US and Chinese scientists were planning to create a new coronavirus before the pandemic erupted, leaked proposals show.
Last month, a grant application submitted to the US Defense Advanced Research Projects Agency (Darpa) revealed that an international team of scientists had planned to mix genetic data of similar strains to create a new virus.
The grant application was made in 2018 and leaked to Drastic, the pandemic origins analysis group.
‘We will compile sequence/RNAseq data from a panel of closely related strains and compare full length genomes, scanning for unique SNPs representing sequencing errors.
‘Consensus candidate genomes will be synthesised commercially using established techniques and genome-length RNA and electroporation to recover recombinant viruses,’ the application states.
US and Chinese scientists were planning to create a new coronavirus before the pandemic erupted, leaked proposals show. Pictured: The Wuhan Institute of Virology, whose scientists were involved in a grant proposal for the research
This would result in a virus which had no clear ancestor in nature, a World Health Organization (WHO) expert told The Telegraph.
The expert, who asked the paper not to publish their name, said that, if such a method had been carried out, it could explain why no close match has ever been found in nature for Sars-CoV-2.
The closest naturally occurring virus is the Banal-52 strain, reported in Laos last month. It shares 96.8 per cent of Covid-19’s genome.
No direct ancestor, which would be expected share around 99.98 per cent, has been found so far.
The WHO expert told The Telegraph that the process detailed in the application would create ‘a new virus sequence, not a 100 per cent match to anything.’
‘They would then synthesise the viral genome from the computer sequence, thus creating a virus genome that did not exist in nature but looks natural as it is the average of natural viruses.
‘Then they put that RNA in a cell and recover the virus from it.
‘This creates a virus that has never existed in nature, with a new ‘backbone’ that didn’t exist in nature but is very, very similar as it’s the average of natural backbones,’ the expert said.
The proposal was rejected and the database of viral strains at the Wuhan Institute of Virology was taken offline some 18 months later, making it impossible to check what scientists there were working on.
The institute’s scientists have consistently denied creating the coronavirus in their lab.
The grant application proposal was submitted by British zoologist Peter Daszak on behalf of a group, which included Daszak EcoHealth Alliance, the Wuhan Institute of Virology, the University of North Carolina and Duke NUS in Singapore, The Telegraph reported.
The grant application proposal was submitted by British zoologist Peter Daszak on behalf of a group, which included Daszak EcoHealth Alliance
Experts told the paper that creating an ‘ideal’ average virus could have been part of work to create a vaccine that works across coronaviruses.
Last month, it emerged that the US had funded similar research to that outlined in the 2018 grant proposal.
Files obtained by The Intercept as part of an FOI request to drill down the possible root of COVID and whether the US had any role in it showed that in 2014, the National Health Institute (NIH) approved a five-year, yearly grant of $666,000 a year for five years ($3.3million) for EcoHealth Alliance, a US research organization, into bat coronavirus.
EcoHealth Alliance, in its proposal to the NIH, acknowledged the risks involved were ‘the highest risk of exposure to SARS or other CoVs’ among staff, who could then carry it out of the lab.
The NIH gave them the money anyway – something Dr Anthony Fauci was previously forced to admit when testifying before Congress in May this year.

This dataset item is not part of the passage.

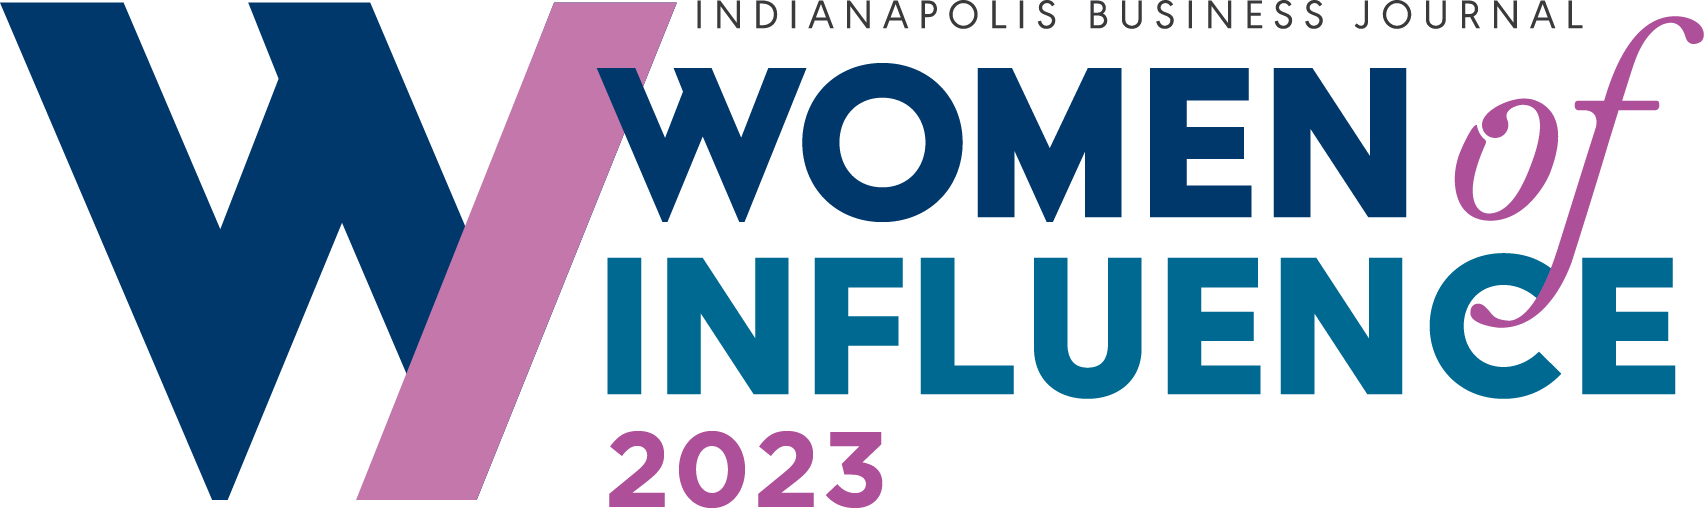 Indianapolis Business Journal Women of Influence, 2023

EcoHealth Alliance then gave $599,000 of the money to the Wuhan Institute of Virology.
At the time and repeatedly since, Fauci has denied that the research constituted what’s known as ‘gain-of-function’ research.
Gain-of-function research is the scientific term given to research that deliberately changes an organism to make give it new functions in order to test a theory.

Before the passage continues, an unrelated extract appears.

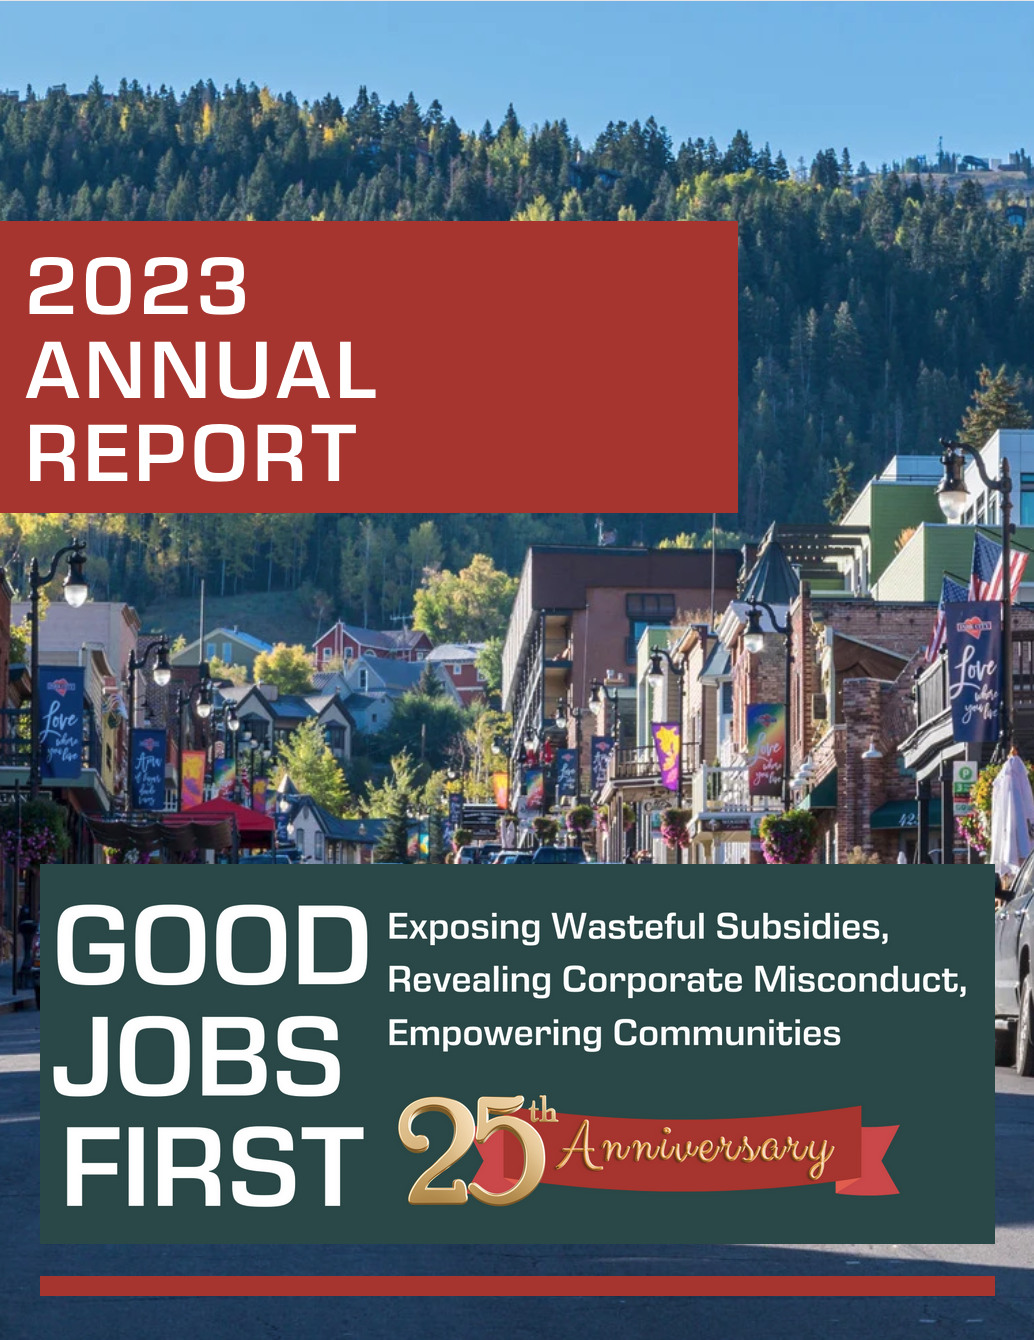 2023 Annual Report: Good Jobs First Turns 25

When applies to studying human viruses, it can mean making the virus more transmissible and or even deadly in order to test what can and can’t survive it.
‘The documents make it clear that assertions by the NIH Director, Francis Collins, and the NIAID Director, Anthony Fauci, that the NIH did not support gain-of-function research or potential pandemic pathogen enhancement at WIV are untruthful,’ Richard Ebright, a molecular biologist at Rutgers University, tweeted.
Ebright studied the papers and alleged that the scientists performed ‘the construction – in Wuhan – of novel chimeric SARS-related coronaviruses that combined a spike gene from one coronavirus with genetic information from another coronavirus and confirmed the resulting viruses could infect human cells’.